The relationship between SSRIs and fall risk is not clear. On one hand, several studies show that SSRI use is associated with an increase in fall risk and that this risk is higher than for other types of antidepressants, namely TCAs (65,70,71,72). Conversely, other studies show that SSRIs confer equivalent or lower fall risk to TCAs (64,66). Undermining the interpretation of these studies is the failure to clarify the dose of medication, the indication, and the frailty of the individual patient. In geriatric practice, TCAs are generally avoided because of their side effect profile and potential for drug-drug interactions (50). If used at all (e.g. for insomnia or chronic pain), they are often given in doses well below those required to treat depression. In addition, SSRIs vary with respect to their potency for inhibiting the 5-HTT. Whether this variation among medications within a class is associated with variation in fall risk has not been studied. Resolution of remaining questions about SSRIs and their contribution to bone loss, falls, and fractures will require randomized controlled trials with careful assessment of depression and depressive symptoms.

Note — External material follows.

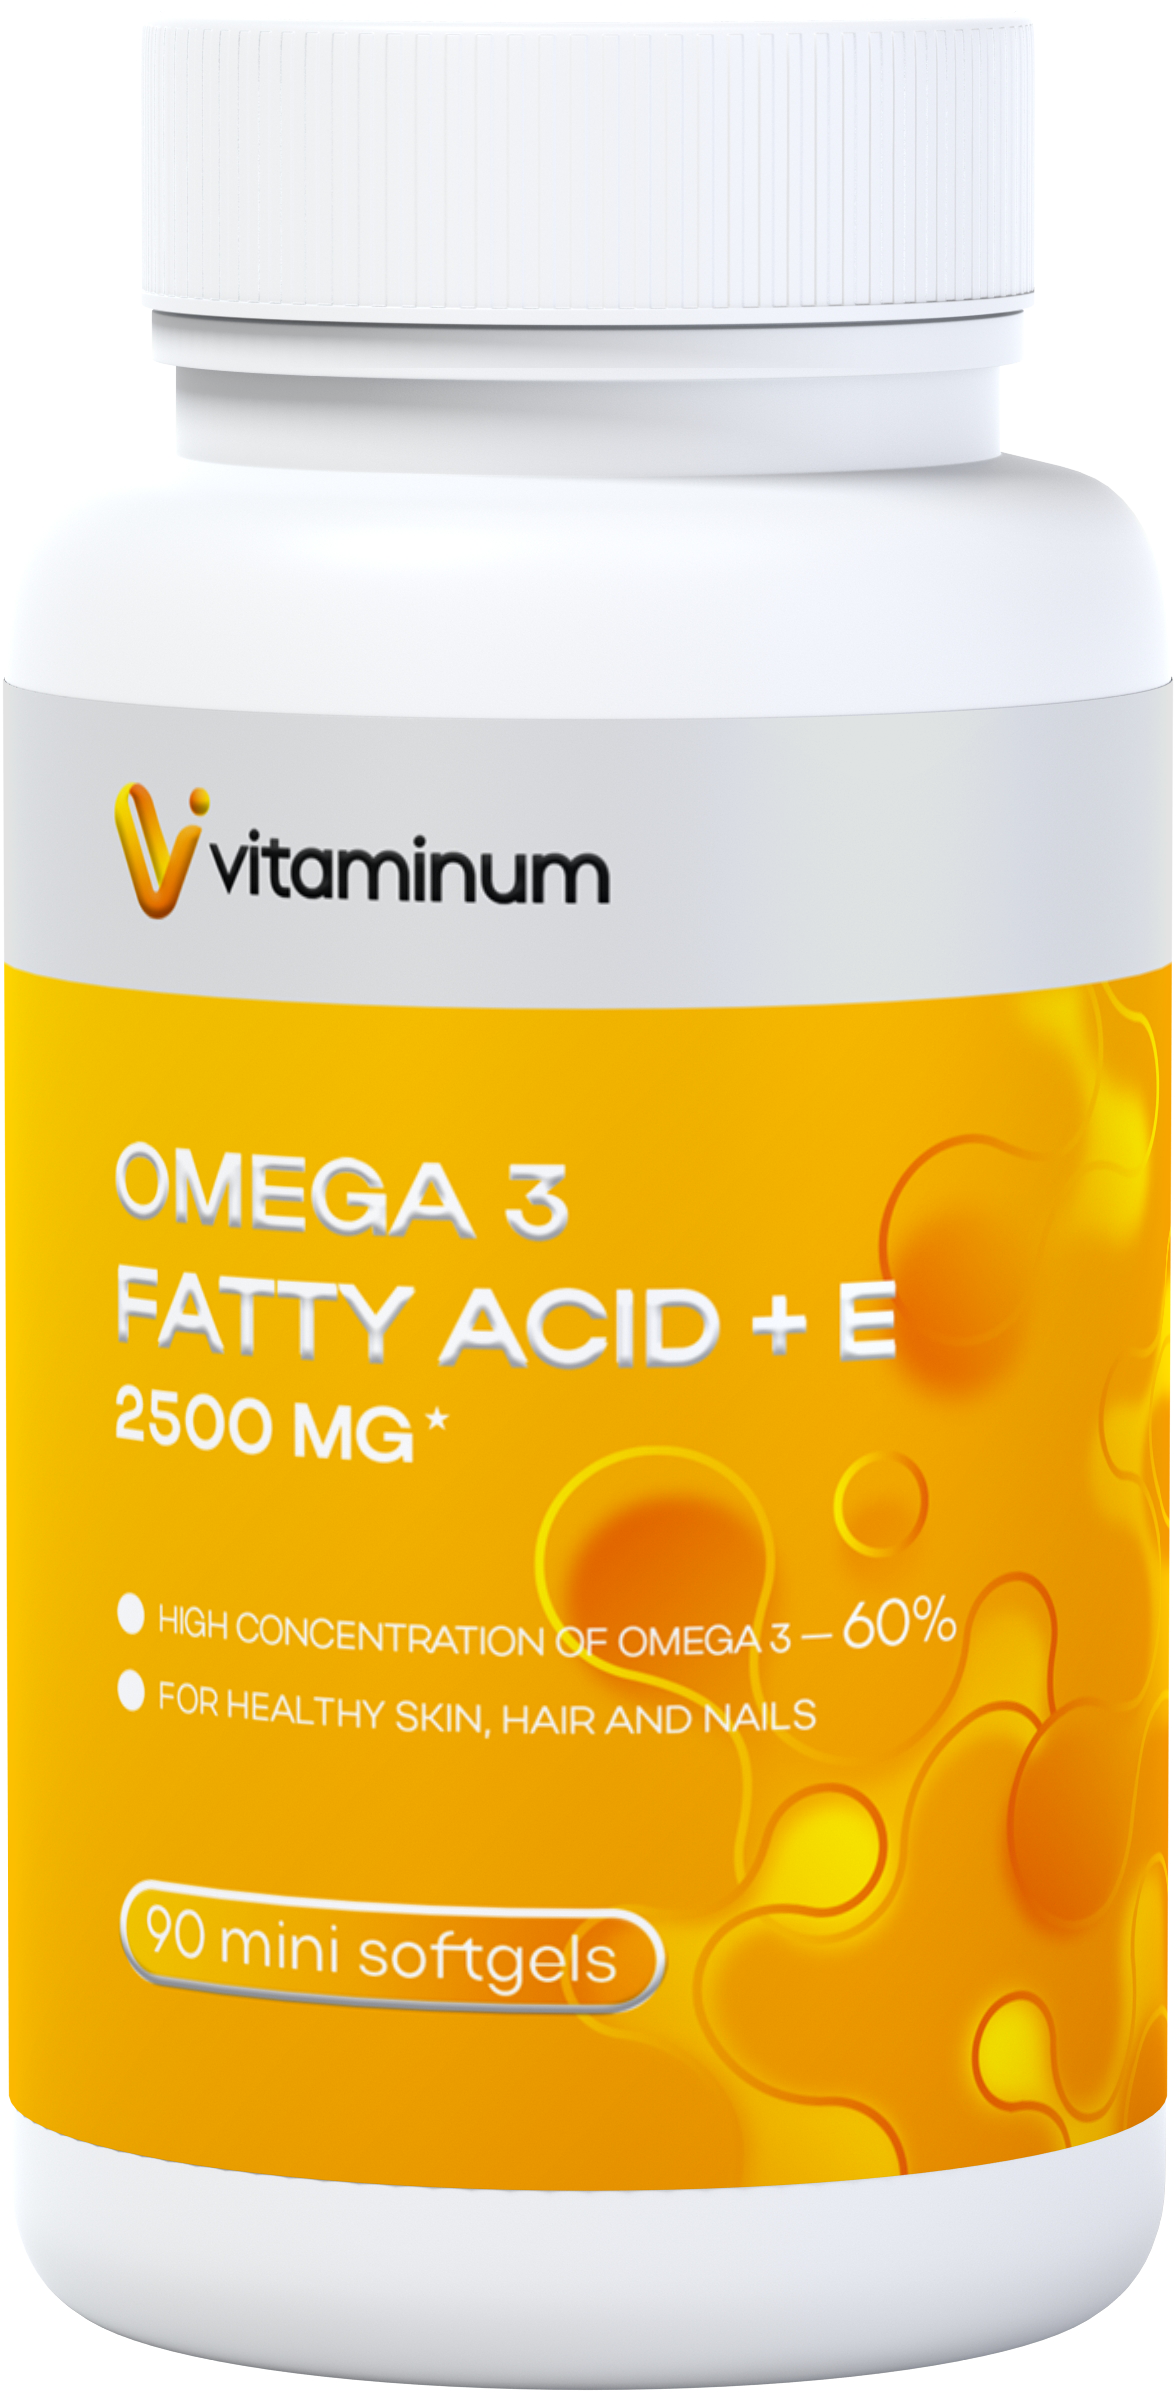  Vitaminum ОМЕГА 3 60% + витамин Е (2500 MG*) 90 капсул 700 мг   в Ангарске

Implications for Screening and Population Health

The evidence now seems sufficient to consider adding SSRIs to the list of medications that contribute to osteoporosis. This would imply that clinicians consider bone density testing for people on SSRIs, or those on SSRIs with certain additional risk factors, for their risk of fracture. At least, it seems appropriate to expect that everyone taking SSRIs have at least some discussion about bone health with their provider. It is too early to suggest that all SSRI users be tested with DXA (in the absence of other risk factors), but the question could be addressed with trials comparing routine DXA testing (or pQCT testing, where available) with usual care (measuring/supplementing vitamin D, calcium supplementation, exercise) using fracture outcomes.

Conclusion

Mounting evidence supports 5-HT as an important regulatory agent in bone. Efforts to confirm the serotonergic effects on bone, the biochemical pathways used, and the feedback loops involved among bone, gut, and perhaps brain are under way. Whether targeting of 5-HT signaling can also be developed as an intervention for bone, without compromise to other 5-HT sensitive systems, will be determined with further work. Similarly, further work is required to establish the full skeletal effects of agents currently being used to modulate 5-HT signaling for the management of conditions in other systems. This includes the clinically popular SSRIs, which inhibit the 5-HTT for the management of major depressive disorder and other affective conditions. An important clinical implication of the work on 5-HT signaling through LRP5 is the potential for identifying novel therapeutic targets. These questions should continue to fuel the recent surge in interest in neuroendocrine regulation of the skeleton.

Footnotes

This work was supported by National Institutes of Health Grant AR-052018 (to M.B.).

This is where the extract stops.